[Opening SUPPLIED ENTRIES section]

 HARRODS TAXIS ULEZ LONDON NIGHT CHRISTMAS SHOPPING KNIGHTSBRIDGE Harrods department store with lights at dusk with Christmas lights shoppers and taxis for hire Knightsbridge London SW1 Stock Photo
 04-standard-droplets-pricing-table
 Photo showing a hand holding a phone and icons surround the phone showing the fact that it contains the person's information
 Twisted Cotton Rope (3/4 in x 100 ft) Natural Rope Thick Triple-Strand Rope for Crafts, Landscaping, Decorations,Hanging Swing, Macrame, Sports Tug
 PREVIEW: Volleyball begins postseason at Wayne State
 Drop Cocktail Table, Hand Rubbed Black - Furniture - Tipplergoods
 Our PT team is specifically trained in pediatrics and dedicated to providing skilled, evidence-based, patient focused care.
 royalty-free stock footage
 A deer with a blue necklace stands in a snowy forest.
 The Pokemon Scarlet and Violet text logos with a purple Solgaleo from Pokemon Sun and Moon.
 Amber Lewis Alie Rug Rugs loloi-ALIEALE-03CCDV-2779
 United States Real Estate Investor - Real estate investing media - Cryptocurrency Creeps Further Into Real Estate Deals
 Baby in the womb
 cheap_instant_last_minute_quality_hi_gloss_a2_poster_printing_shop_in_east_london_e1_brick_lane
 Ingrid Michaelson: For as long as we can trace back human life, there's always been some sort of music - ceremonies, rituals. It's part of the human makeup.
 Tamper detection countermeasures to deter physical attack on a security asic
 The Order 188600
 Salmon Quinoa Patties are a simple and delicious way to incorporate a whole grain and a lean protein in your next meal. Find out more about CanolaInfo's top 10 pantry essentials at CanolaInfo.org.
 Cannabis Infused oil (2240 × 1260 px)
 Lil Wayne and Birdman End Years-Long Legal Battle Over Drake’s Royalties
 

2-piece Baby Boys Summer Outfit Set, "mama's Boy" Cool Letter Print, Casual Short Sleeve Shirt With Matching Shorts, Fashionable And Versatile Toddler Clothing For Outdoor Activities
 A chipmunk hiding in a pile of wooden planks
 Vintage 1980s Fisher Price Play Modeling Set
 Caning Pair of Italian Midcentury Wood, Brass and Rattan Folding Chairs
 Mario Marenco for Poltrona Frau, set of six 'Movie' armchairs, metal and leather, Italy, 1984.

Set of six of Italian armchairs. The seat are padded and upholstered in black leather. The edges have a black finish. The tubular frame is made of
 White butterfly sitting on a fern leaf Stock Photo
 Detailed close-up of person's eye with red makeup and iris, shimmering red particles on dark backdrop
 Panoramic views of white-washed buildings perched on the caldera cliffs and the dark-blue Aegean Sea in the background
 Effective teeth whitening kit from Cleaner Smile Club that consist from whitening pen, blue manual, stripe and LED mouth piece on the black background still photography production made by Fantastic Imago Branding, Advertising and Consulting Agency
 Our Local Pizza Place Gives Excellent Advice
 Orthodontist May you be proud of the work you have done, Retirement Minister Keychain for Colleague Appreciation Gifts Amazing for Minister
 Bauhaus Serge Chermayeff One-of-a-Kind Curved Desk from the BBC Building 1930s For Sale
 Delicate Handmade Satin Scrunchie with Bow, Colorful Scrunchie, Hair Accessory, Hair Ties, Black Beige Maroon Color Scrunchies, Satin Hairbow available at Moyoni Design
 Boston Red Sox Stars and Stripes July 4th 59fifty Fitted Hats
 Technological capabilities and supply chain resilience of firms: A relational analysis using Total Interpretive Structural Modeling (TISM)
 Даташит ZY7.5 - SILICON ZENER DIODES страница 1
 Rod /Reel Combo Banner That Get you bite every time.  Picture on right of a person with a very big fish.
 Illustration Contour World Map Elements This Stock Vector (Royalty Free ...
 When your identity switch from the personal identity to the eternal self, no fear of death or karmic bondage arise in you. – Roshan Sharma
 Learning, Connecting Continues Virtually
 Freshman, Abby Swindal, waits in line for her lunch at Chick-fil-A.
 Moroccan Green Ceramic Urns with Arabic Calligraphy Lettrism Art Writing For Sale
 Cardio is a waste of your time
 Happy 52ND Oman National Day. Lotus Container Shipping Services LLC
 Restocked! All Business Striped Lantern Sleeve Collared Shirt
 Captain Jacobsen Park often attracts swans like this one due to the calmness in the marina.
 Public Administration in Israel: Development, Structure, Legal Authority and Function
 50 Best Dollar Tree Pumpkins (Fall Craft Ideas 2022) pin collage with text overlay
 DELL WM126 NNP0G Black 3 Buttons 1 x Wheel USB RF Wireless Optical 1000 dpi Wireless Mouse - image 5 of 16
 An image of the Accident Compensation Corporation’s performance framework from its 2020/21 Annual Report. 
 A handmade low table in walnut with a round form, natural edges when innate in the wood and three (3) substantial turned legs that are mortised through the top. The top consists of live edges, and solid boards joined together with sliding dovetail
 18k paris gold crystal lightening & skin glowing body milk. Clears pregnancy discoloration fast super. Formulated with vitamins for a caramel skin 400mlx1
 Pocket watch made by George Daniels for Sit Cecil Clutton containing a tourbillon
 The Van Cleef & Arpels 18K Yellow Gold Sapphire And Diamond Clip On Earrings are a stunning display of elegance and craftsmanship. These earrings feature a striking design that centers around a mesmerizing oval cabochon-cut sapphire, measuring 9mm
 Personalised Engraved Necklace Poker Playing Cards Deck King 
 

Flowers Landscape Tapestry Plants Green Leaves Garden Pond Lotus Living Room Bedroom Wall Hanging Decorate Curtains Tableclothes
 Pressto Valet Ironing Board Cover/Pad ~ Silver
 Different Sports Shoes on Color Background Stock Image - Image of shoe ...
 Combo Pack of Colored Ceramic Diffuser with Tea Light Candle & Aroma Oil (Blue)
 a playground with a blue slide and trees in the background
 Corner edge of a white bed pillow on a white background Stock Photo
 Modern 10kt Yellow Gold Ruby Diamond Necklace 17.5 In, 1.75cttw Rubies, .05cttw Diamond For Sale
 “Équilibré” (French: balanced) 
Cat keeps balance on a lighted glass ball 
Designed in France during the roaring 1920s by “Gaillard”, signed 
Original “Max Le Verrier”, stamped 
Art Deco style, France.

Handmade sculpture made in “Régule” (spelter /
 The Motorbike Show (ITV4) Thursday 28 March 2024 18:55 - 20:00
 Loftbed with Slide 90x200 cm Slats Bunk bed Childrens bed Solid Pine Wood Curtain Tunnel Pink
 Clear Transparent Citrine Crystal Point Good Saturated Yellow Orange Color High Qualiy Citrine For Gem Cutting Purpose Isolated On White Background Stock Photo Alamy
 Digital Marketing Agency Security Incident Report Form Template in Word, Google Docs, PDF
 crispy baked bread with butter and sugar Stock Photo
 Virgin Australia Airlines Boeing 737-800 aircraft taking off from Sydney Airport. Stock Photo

[Closing SUPPLIED ENTRIES section]

*ABOUT THIS TASK*
Retype every line of the data above exactly.

*OUTPUT OF THE TASK*
 HARRODS TAXIS ULEZ LONDON NIGHT CHRISTMAS SHOPPING KNIGHTSBRIDGE Harrods department store with lights at dusk with Christmas lights shoppers and taxis for hire Knightsbridge London SW1 Stock Photo
 04-standard-droplets-pricing-table
 Photo showing a hand holding a phone and icons surround the phone showing the fact that it contains the person's information
 Twisted Cotton Rope (3/4 in x 100 ft) Natural Rope Thick Triple-Strand Rope for Crafts, Landscaping, Decorations,Hanging Swing, Macrame, Sports Tug
 PREVIEW: Volleyball begins postseason at Wayne State
 Drop Cocktail Table, Hand Rubbed Black - Furniture - Tipplergoods
 Our PT team is specifically trained in pediatrics and dedicated to providing skilled, evidence-based, patient focused care.
 royalty-free stock footage
 A deer with a blue necklace stands in a snowy forest.
 The Pokemon Scarlet and Violet text logos with a purple Solgaleo from Pokemon Sun and Moon.
 Amber Lewis Alie Rug Rugs loloi-ALIEALE-03CCDV-2779
 United States Real Estate Investor - Real estate investing media - Cryptocurrency Creeps Further Into Real Estate Deals
 Baby in the womb
 cheap_instant_last_minute_quality_hi_gloss_a2_poster_printing_shop_in_east_london_e1_brick_lane
 Ingrid Michaelson: For as long as we can trace back human life, there's always been some sort of music - ceremonies, rituals. It's part of the human makeup.
 Tamper detection countermeasures to deter physical attack on a security asic
 The Order 188600
 Salmon Quinoa Patties are a simple and delicious way to incorporate a whole grain and a lean protein in your next meal. Find out more about CanolaInfo's top 10 pantry essentials at CanolaInfo.org.
 Cannabis Infused oil (2240 × 1260 px)
 Lil Wayne and Birdman End Years-Long Legal Battle Over Drake’s Royalties
 

2-piece Baby Boys Summer Outfit Set, "mama's Boy" Cool Letter Print, Casual Short Sleeve Shirt With Matching Shorts, Fashionable And Versatile Toddler Clothing For Outdoor Activities
 A chipmunk hiding in a pile of wooden planks
 Vintage 1980s Fisher Price Play Modeling Set
 Caning Pair of Italian Midcentury Wood, Brass and Rattan Folding Chairs
 Mario Marenco for Poltrona Frau, set of six 'Movie' armchairs, metal and leather, Italy, 1984.

Set of six of Italian armchairs. The seat are padded and upholstered in black leather. The edges have a black finish. The tubular frame is made of
 White butterfly sitting on a fern leaf Stock Photo
 Detailed close-up of person's eye with red makeup and iris, shimmering red particles on dark backdrop
 Panoramic views of white-washed buildings perched on the caldera cliffs and the dark-blue Aegean Sea in the background
 Effective teeth whitening kit from Cleaner Smile Club that consist from whitening pen, blue manual, stripe and LED mouth piece on the black background still photography production made by Fantastic Imago Branding, Advertising and Consulting Agency
 Our Local Pizza Place Gives Excellent Advice
 Orthodontist May you be proud of the work you have done, Retirement Minister Keychain for Colleague Appreciation Gifts Amazing for Minister
 Bauhaus Serge Chermayeff One-of-a-Kind Curved Desk from the BBC Building 1930s For Sale
 Delicate Handmade Satin Scrunchie with Bow, Colorful Scrunchie, Hair Accessory, Hair Ties, Black Beige Maroon Color Scrunchies, Satin Hairbow available at Moyoni Design
 Boston Red Sox Stars and Stripes July 4th 59fifty Fitted Hats
 Technological capabilities and supply chain resilience of firms: A relational analysis using Total Interpretive Structural Modeling (TISM)
 Даташит ZY7.5 - SILICON ZENER DIODES страница 1
 Rod /Reel Combo Banner That Get you bite every time.  Picture on right of a person with a very big fish.
 Illustration Contour World Map Elements This Stock Vector (Royalty Free ...
 When your identity switch from the personal identity to the eternal self, no fear of death or karmic bondage arise in you. – Roshan Sharma
 Learning, Connecting Continues Virtually
 Freshman, Abby Swindal, waits in line for her lunch at Chick-fil-A.
 Moroccan Green Ceramic Urns with Arabic Calligraphy Lettrism Art Writing For Sale
 Cardio is a waste of your time
 Happy 52ND Oman National Day. Lotus Container Shipping Services LLC
 Restocked! All Business Striped Lantern Sleeve Collared Shirt
 Captain Jacobsen Park often attracts swans like this one due to the calmness in the marina.
 Public Administration in Israel: Development, Structure, Legal Authority and Function
 50 Best Dollar Tree Pumpkins (Fall Craft Ideas 2022) pin collage with text overlay
 DELL WM126 NNP0G Black 3 Buttons 1 x Wheel USB RF Wireless Optical 1000 dpi Wireless Mouse - image 5 of 16
 An image of the Accident Compensation Corporation’s performance framework from its 2020/21 Annual Report. 
 A handmade low table in walnut with a round form, natural edges when innate in the wood and three (3) substantial turned legs that are mortised through the top. The top consists of live edges, and solid boards joined together with sliding dovetail
 18k paris gold crystal lightening & skin glowing body milk. Clears pregnancy discoloration fast super. Formulated with vitamins for a caramel skin 400mlx1
 Pocket watch made by George Daniels for Sit Cecil Clutton containing a tourbillon
 The Van Cleef & Arpels 18K Yellow Gold Sapphire And Diamond Clip On Earrings are a stunning display of elegance and craftsmanship. These earrings feature a striking design that centers around a mesmerizing oval cabochon-cut sapphire, measuring 9mm
 Personalised Engraved Necklace Poker Playing Cards Deck King 
 

Flowers Landscape Tapestry Plants Green Leaves Garden Pond Lotus Living Room Bedroom Wall Hanging Decorate Curtains Tableclothes
 Pressto Valet Ironing Board Cover/Pad ~ Silver
 Different Sports Shoes on Color Background Stock Image - Image of shoe ...
 Combo Pack of Colored Ceramic Diffuser with Tea Light Candle & Aroma Oil (Blue)
 a playground with a blue slide and trees in the background
 Corner edge of a white bed pillow on a white background Stock Photo
 Modern 10kt Yellow Gold Ruby Diamond Necklace 17.5 In, 1.75cttw Rubies, .05cttw Diamond For Sale
 “Équilibré” (French: balanced) 
Cat keeps balance on a lighted glass ball 
Designed in France during the roaring 1920s by “Gaillard”, signed 
Original “Max Le Verrier”, stamped 
Art Deco style, France.

Handmade sculpture made in “Régule” (spelter /
 The Motorbike Show (ITV4) Thursday 28 March 2024 18:55 - 20:00
 Loftbed with Slide 90x200 cm Slats Bunk bed Childrens bed Solid Pine Wood Curtain Tunnel Pink
 Clear Transparent Citrine Crystal Point Good Saturated Yellow Orange Color High Qualiy Citrine For Gem Cutting Purpose Isolated On White Background Stock Photo Alamy
 Digital Marketing Agency Security Incident Report Form Template in Word, Google Docs, PDF
 crispy baked bread with butter and sugar Stock Photo
 Virgin Australia Airlines Boeing 737-800 aircraft taking off from Sydney Airport. Stock Photo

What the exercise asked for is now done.